Based on this idea, ref. [83] further extends the optimal scheduling scenarios and proposes a two-stage robust optimal scheduling method for multi-energy virtual power plants (MEVPPs), which takes into account both the volatility of the PV output and the uncertainty of the electric load, aiming to optimize the economics of the virtual power plants and reduce the carbon emissions. The two-stage optimization framework is divided into an outer layer optimization and an inner layer optimization, where the main objective of the outer layer optimization is to determine optimal scheduling decisions such as power purchases, sales, and load shifts by considering the worst-case PV output and electric load scenarios. The inner-layer optimization ensures that the objectives are achieved even in the worst-case scenarios by generating worst-case scenarios and adapting the dispatch strategy based on them. These methods demonstrate how to improve the dispatch efficiency and economics of virtual power plants by combining multiple uncertainties.

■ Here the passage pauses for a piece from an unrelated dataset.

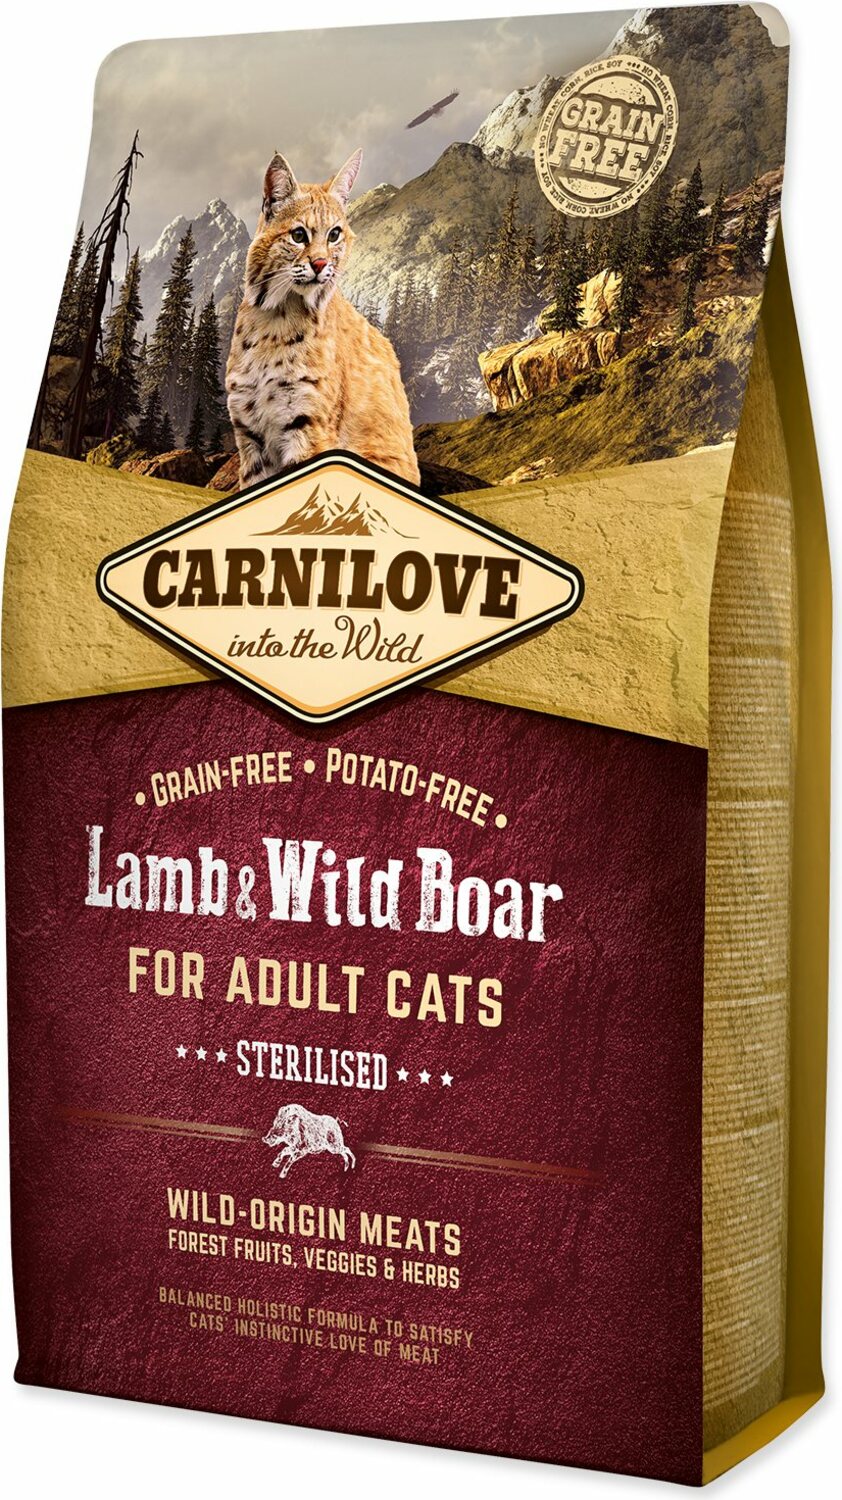 Krmivo Carnilove Sterilisod Adult Cats Lamb & Wild Boar 2kg
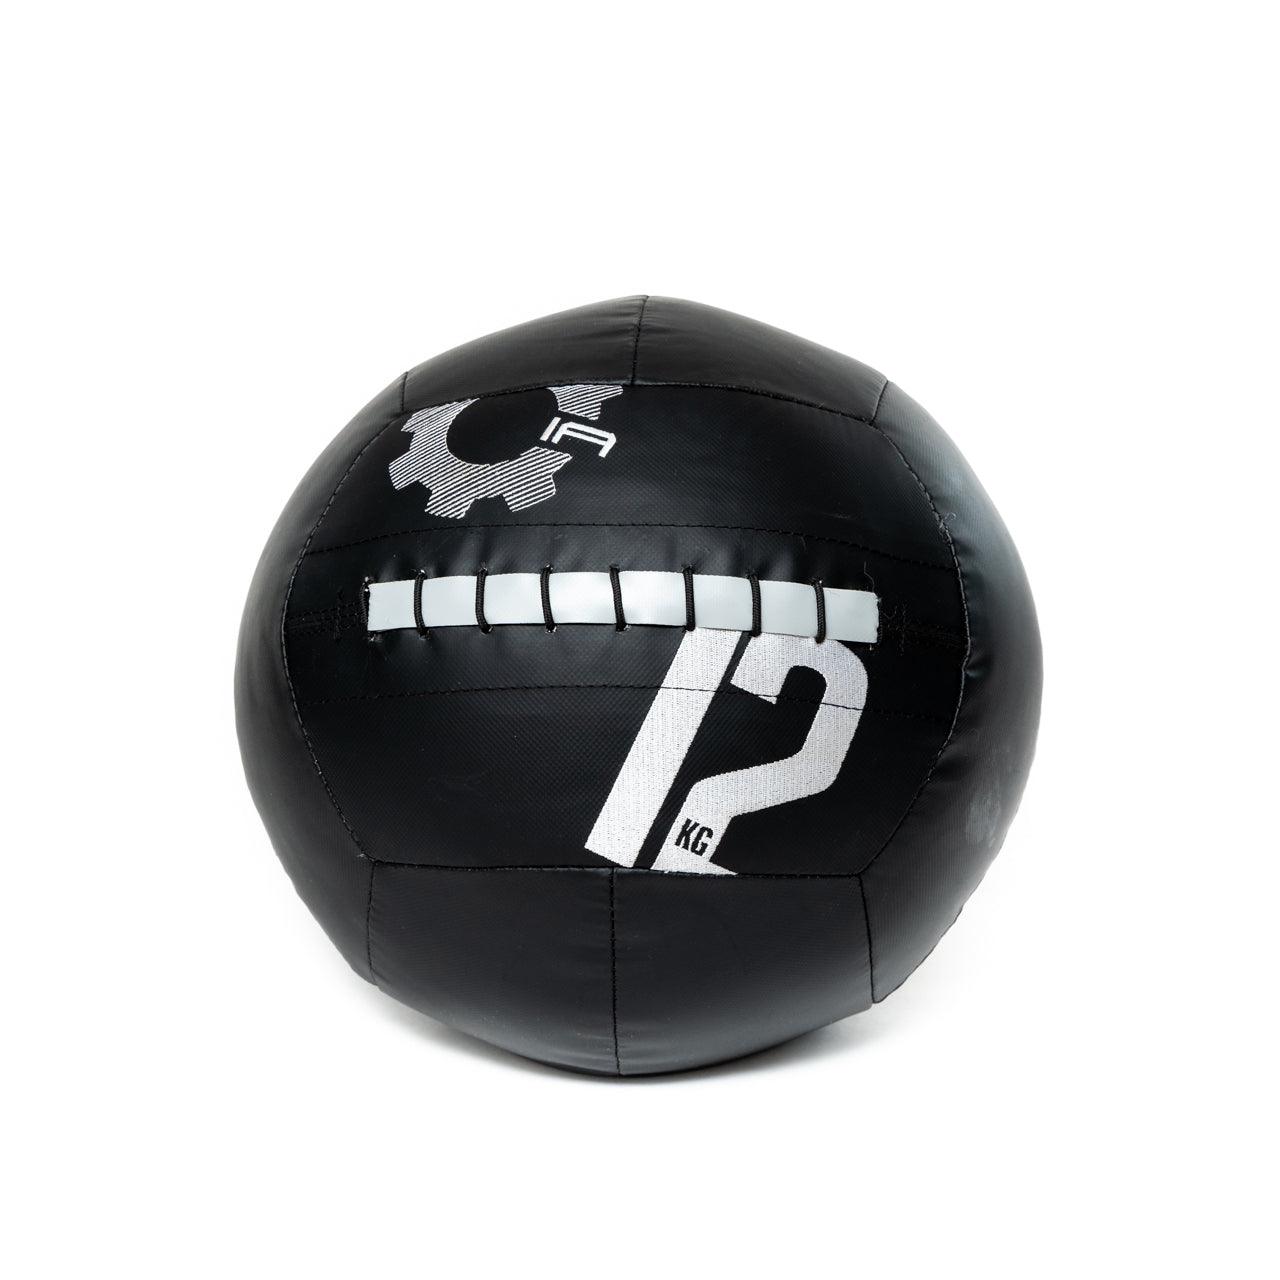 12kg Medicine Ball V3.0 5pack - Industrial Athletic

While traditional stochastic programming can handle fluctuations in wind and solar power output, it has limited ability to regulate the rigid constraints of ‘heat-driven power generation’ in combined heat and power (CHP) systems. In response, ref. [84] proposes dynamic reconfiguration technology for electro–thermal coupled systems as a new path to cross-energy flexibility gains for virtual power plants (VPPs). In energy systems dominated by CHP (where CHP accounts for 13% of electricity and 60% of heating loads in China), traditional VPP scheduling is constrained by the rigid ‘heat-driven power generation’ constraint. However, seasonal reconfiguration of the heat network optimizes valve topology to release the regulatory capacity of CHP units, forming a ‘source-load’-co-ordinated wind power absorption mechanism. The S-BD parallel solving algorithm divides 40 scenarios into independent subproblems, using a penalty function to drive the cutting plane for unified processing of feasibility and optimality cuts, significantly improving computational efficiency; in the P6H8 system, the solving time was reduced from 79.57 s to 50.87 s. Actual system verification in Jilin Province demonstrates that this strategy increases VPP wind power installed capacity by 100%, reduces curtailment penalty costs by 46.7%, and lowers total investment costs by 13.3%. These data confirm that dynamic thermal network restructuring creates additional flexibility resources for VPPs through spatio-temporal load migration. Future research should further explore the application of multi-network coupled affine regulation mechanisms in enhancing resilience under extreme scenarios.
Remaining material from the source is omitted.